Thanks so very much !

Post Situation: 
Fri, 2013-11-08 11:38
Anouk

First off, a terminology disclaimer: When Rosetta talks about "constraints", most of the time it's really talking about what most other computational approaches call "restraints". That is to say, Rosetta "constraints" don't prohibit sampling outside the "constraint", but instead attach an energy penalty to the "constraint" violation - the lower the penalty the more satisfied the "constraint" is.

As far as Rosetta is concerned, it's perfectly fine with 300 ambiguous constraints - writing such a constraint file by hand might not be recommended from a tedium point of view, but Rosetta will be fine with reading it in. (If you have the list like you showed above, it should be easy to script a conversion, though.)

AmbiguousConstraints might be what you''re after. To use them, you need to be able to break your constraints into groups where you can say "I either want this constraint to be satisfied, or I want that constraint to be satisfied, whatever gives me a better score". Each of those groups then gets their own ambiguous constraint.

That might not be what you want, though. I get the sense that you don't have any subgroupings of constraints, but instead want to satisfy as many of them as possible at the same time. In that case you don't need to use ambiguous constraints - you can just apply all the constraints plain. Rosetta will attempt to maximize the number of constraints it satisfies, and will simply accumulate the energy penalty for the ones it can't. If you set up the associated functions appropriately, the constraints you want will be the ones favored.

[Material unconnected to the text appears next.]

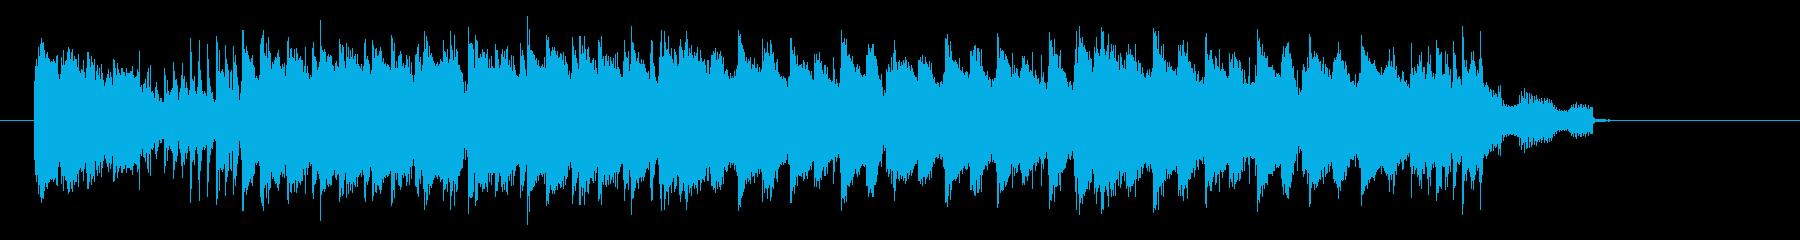 大人の雰囲気漂うジャジイなBGMの再生済みの波形
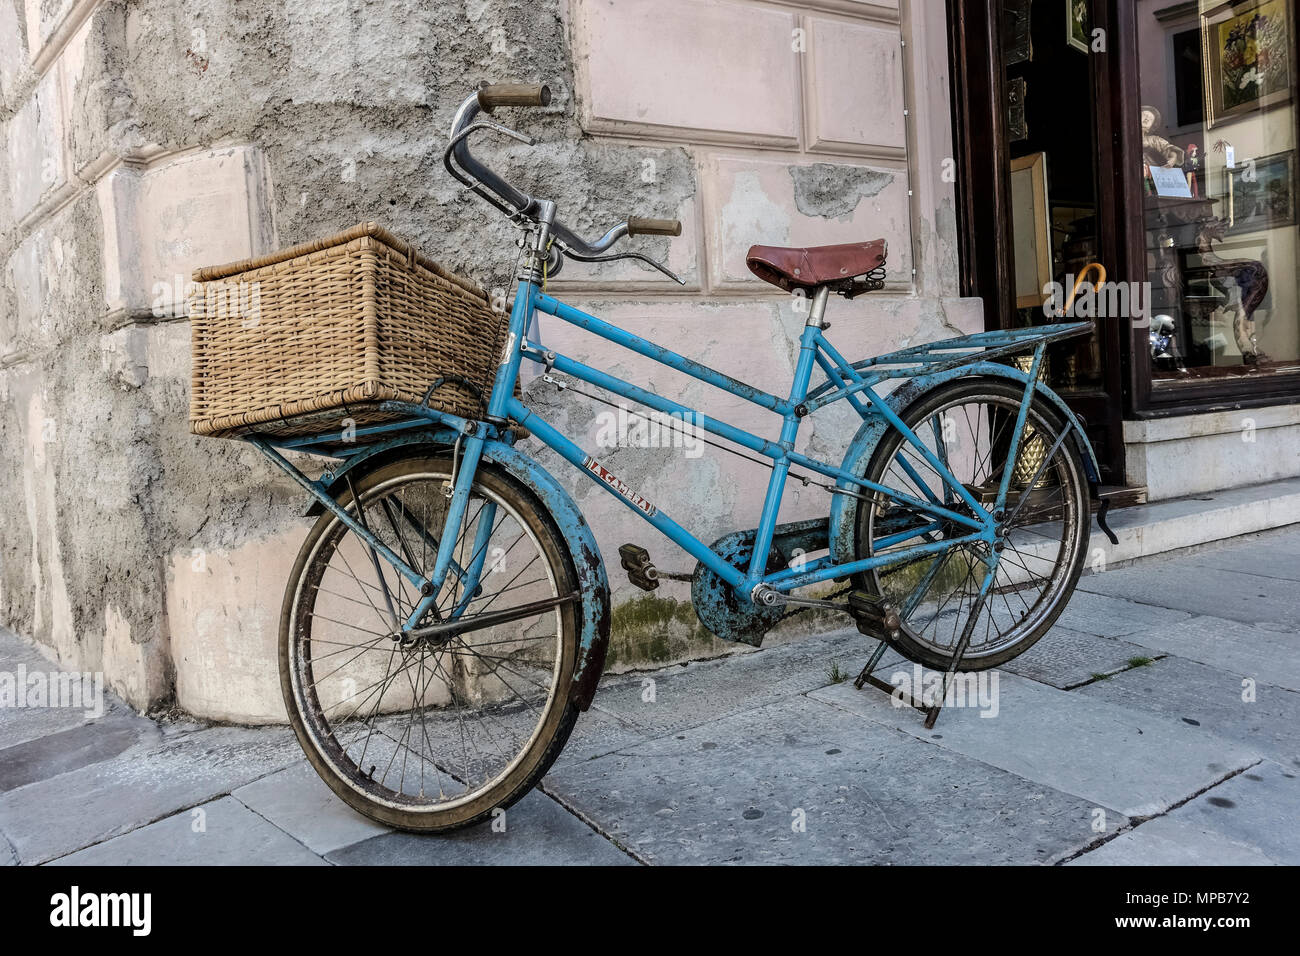 https www alamyimages fr vieux velo bleu clair avec panier de livraison gare devant un magasin gorizia italie europe union europeenne ue image185873830 html

For your situation, I'd recommend using an AtomPairConstraint to constrain distances, and then using the BOUNDED function. You can set the lower bound to 0 and the upper bound to 25 to have the constraint be zero in the range of 0 to 25 angstroms. You can then adjust the sd value such that the ones with the most preference get the greatest sd value, making them the ones Rosetta tries to optimize the most.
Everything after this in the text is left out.